• [Data records]
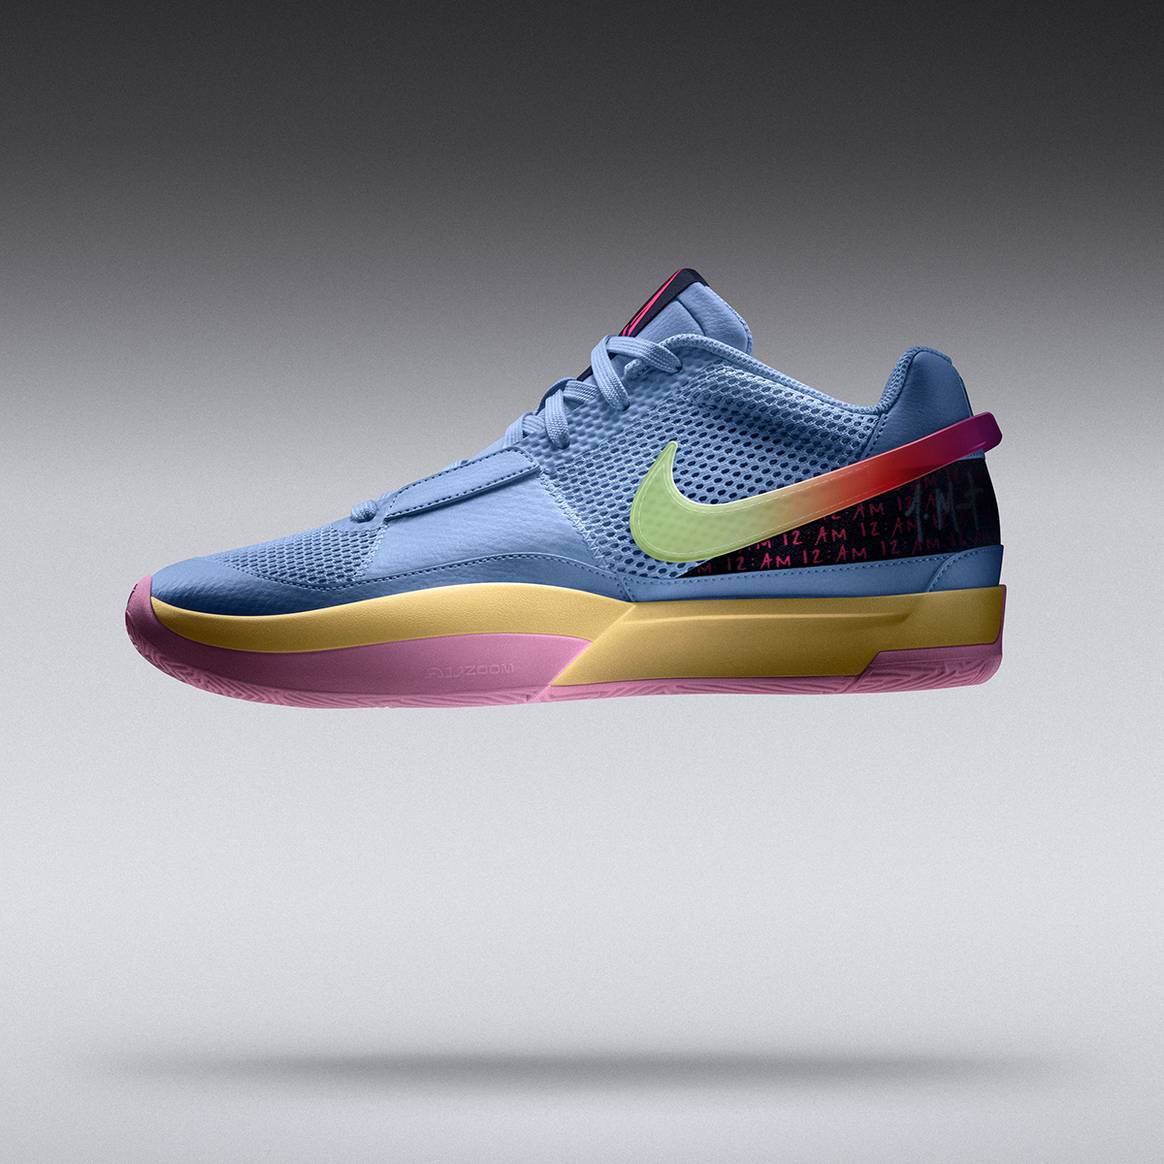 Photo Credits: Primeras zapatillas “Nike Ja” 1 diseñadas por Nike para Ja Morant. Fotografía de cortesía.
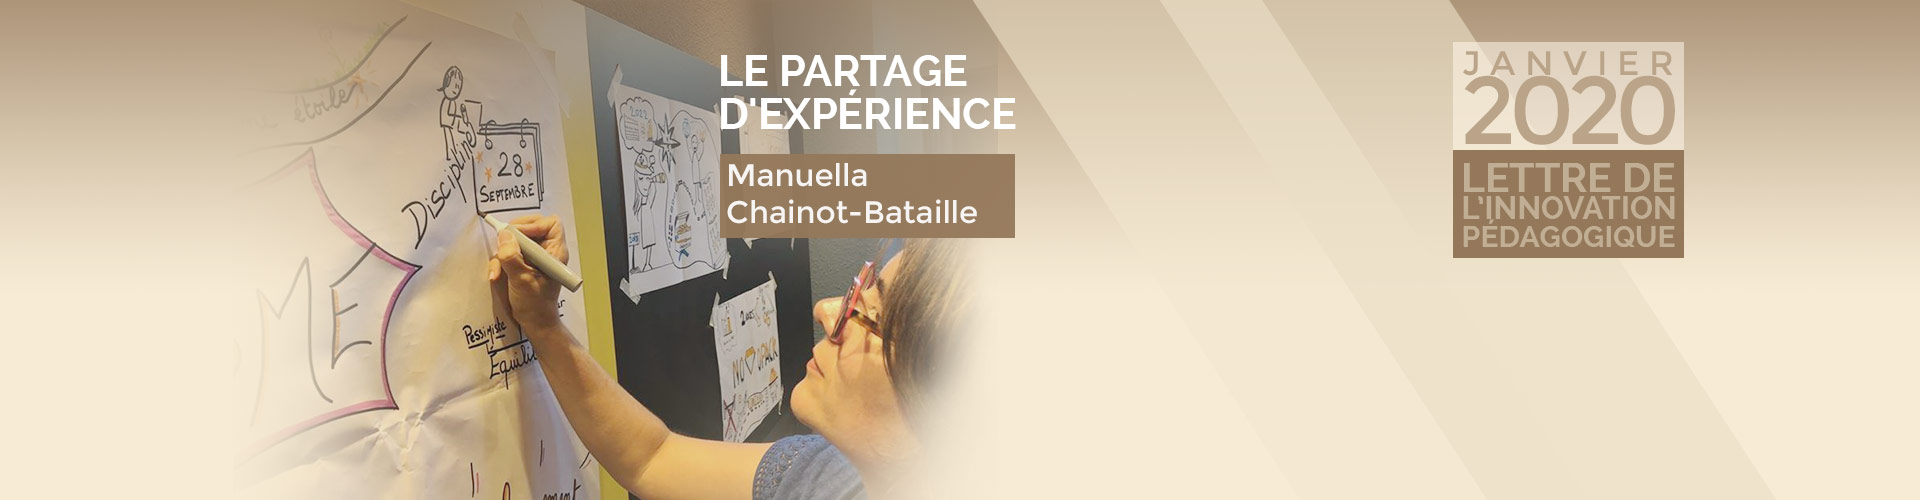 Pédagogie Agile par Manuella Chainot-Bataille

...

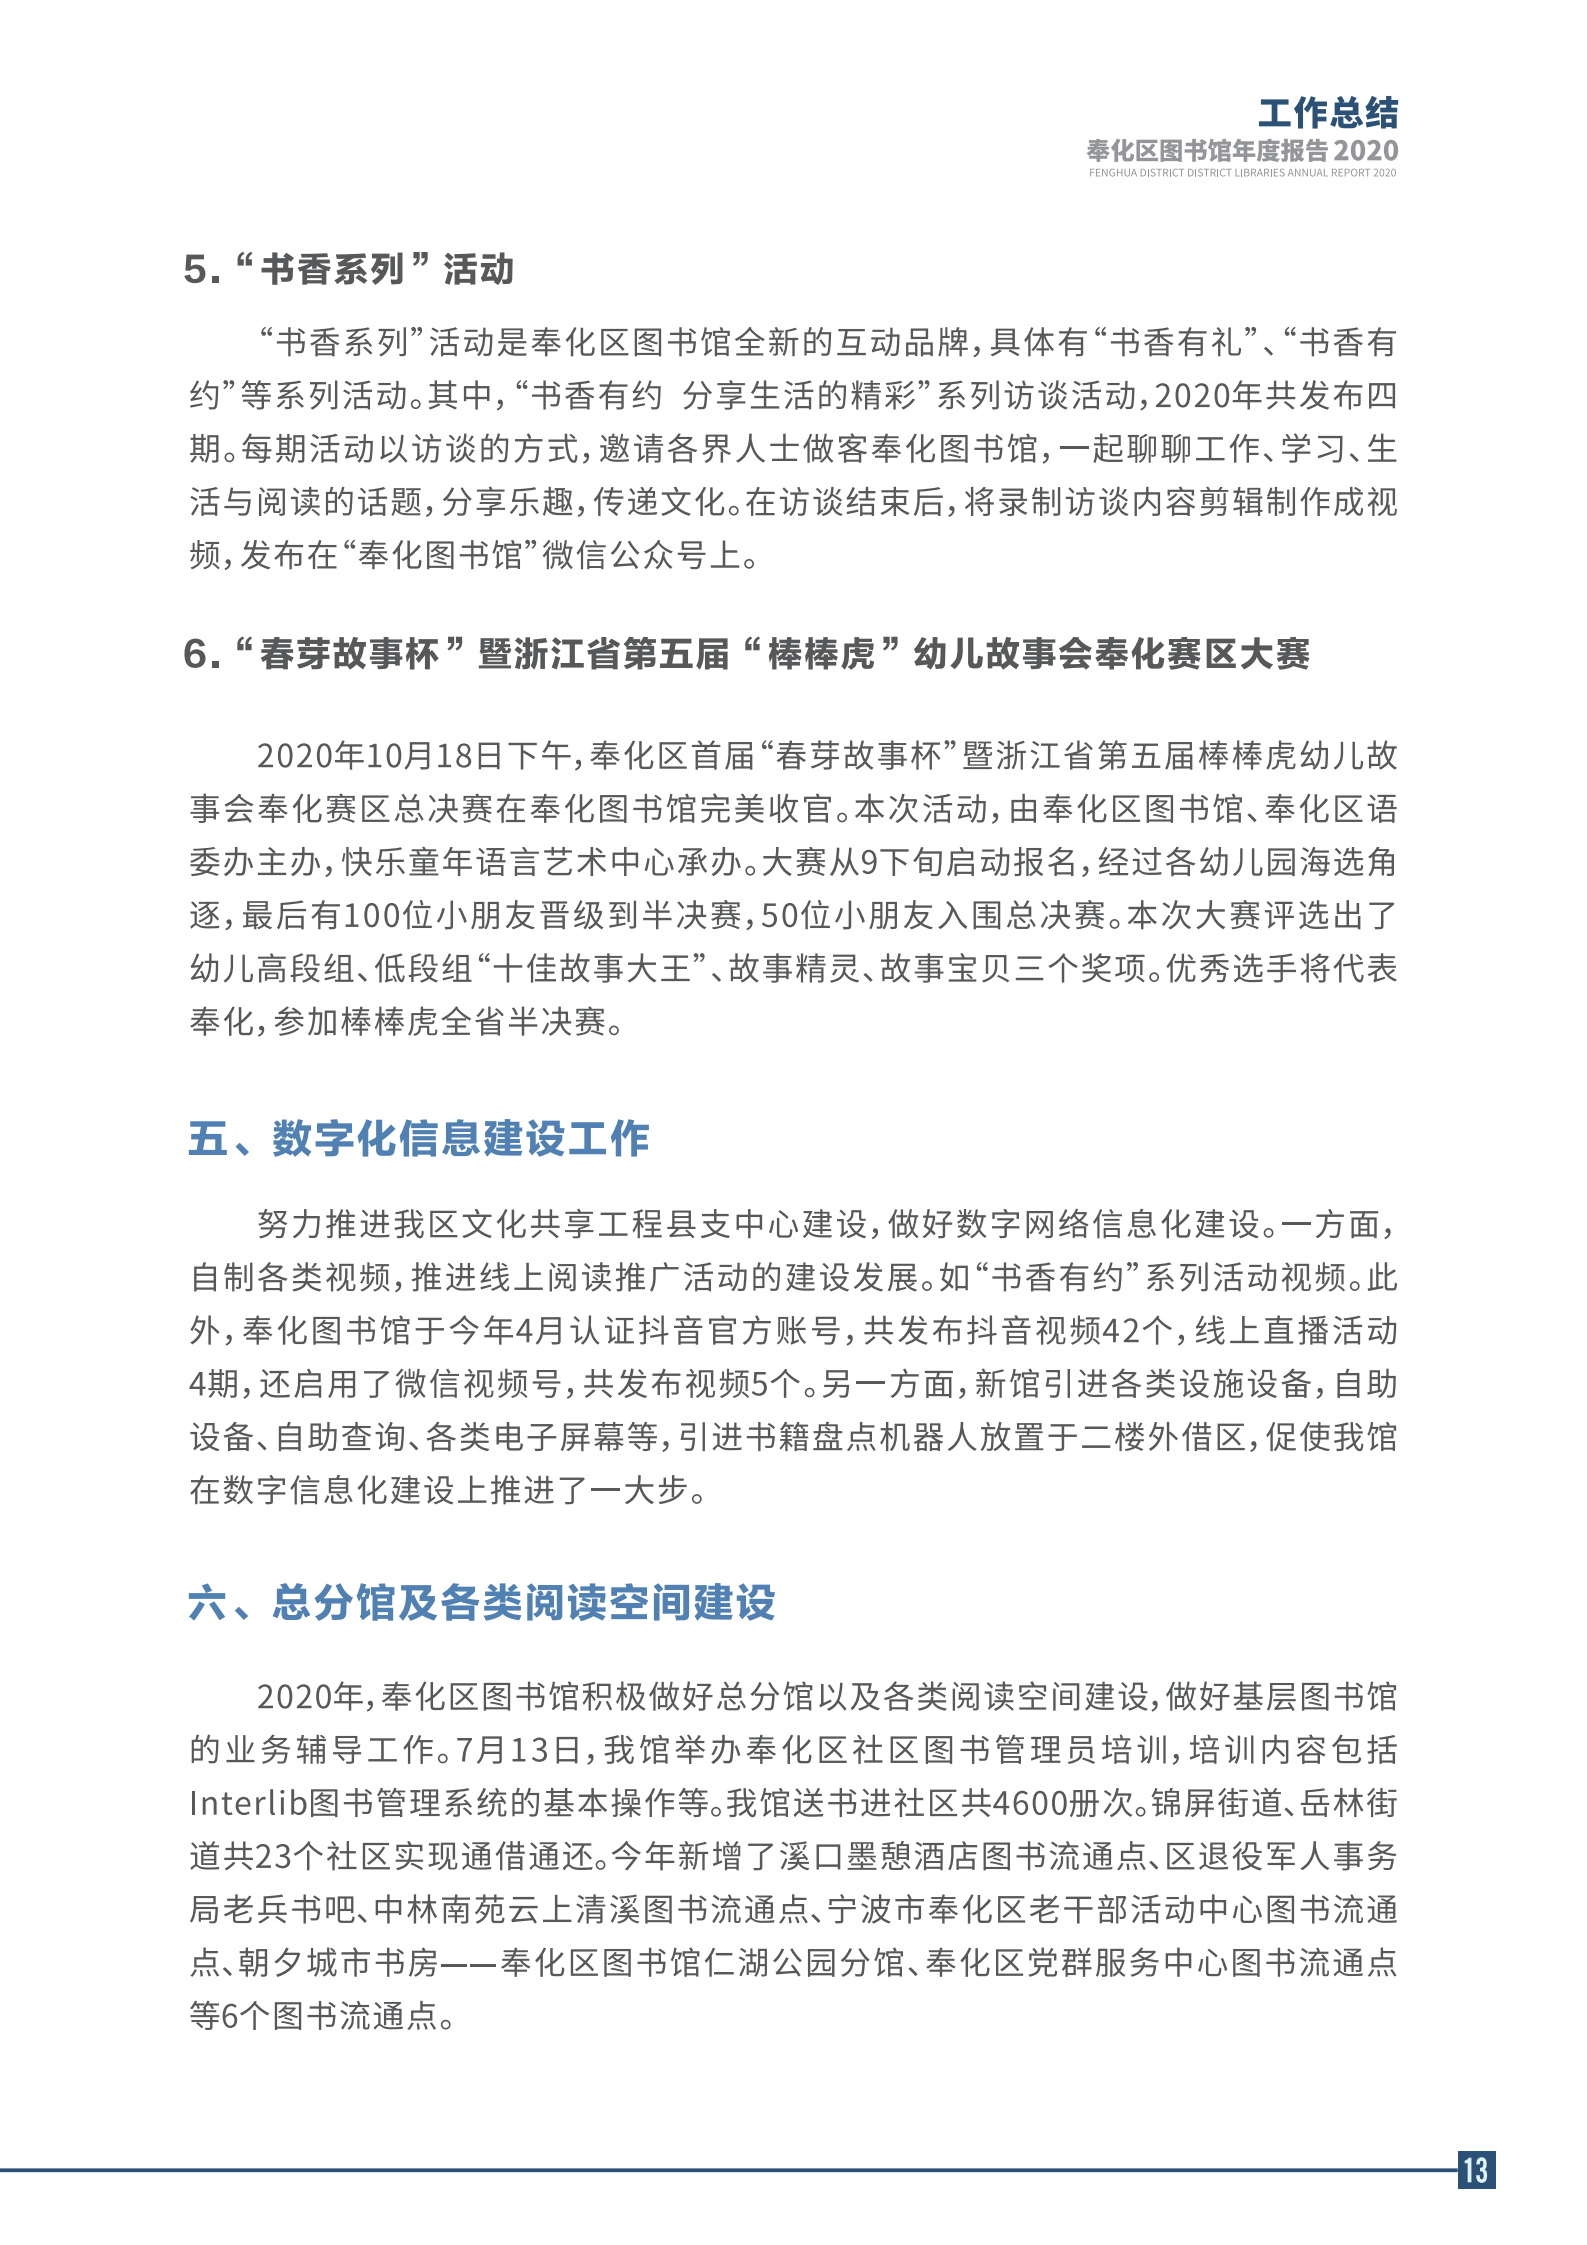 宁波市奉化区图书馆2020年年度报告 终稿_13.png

---

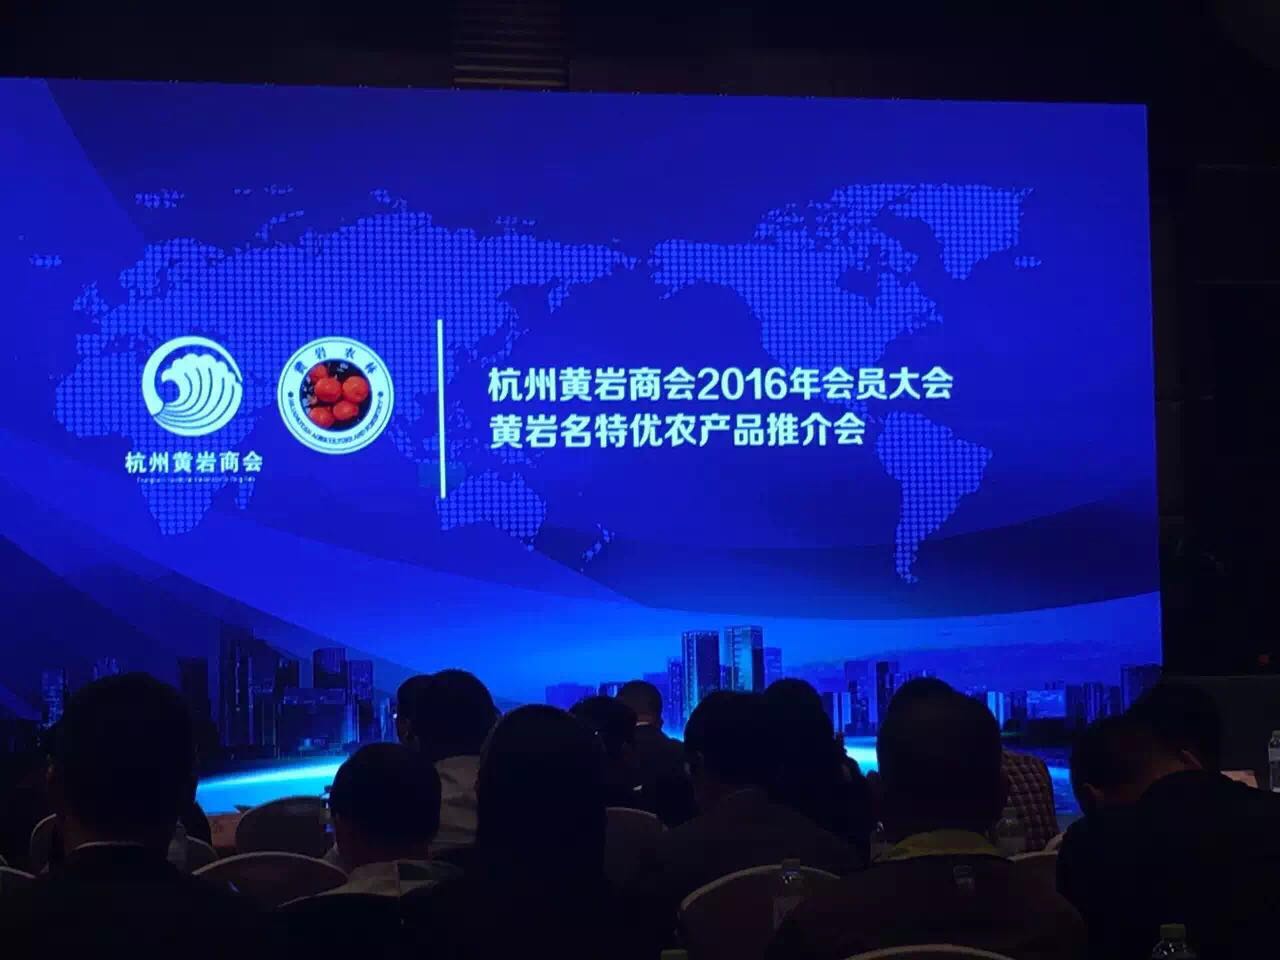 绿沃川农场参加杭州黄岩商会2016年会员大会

• [Work to complete] Print nothing except the lines above from the one containing "Photo Credits: Primeras" down to the one containing "Pédagogie Agile par", both included, exactly as written and free of pictures.

• [Answer to the problem]
 Photo Credits: Primeras zapatillas “Nike Ja” 1 diseñadas por Nike para Ja Morant. Fotografía de cortesía.
 Pédagogie Agile par Manuella Chainot-Bataille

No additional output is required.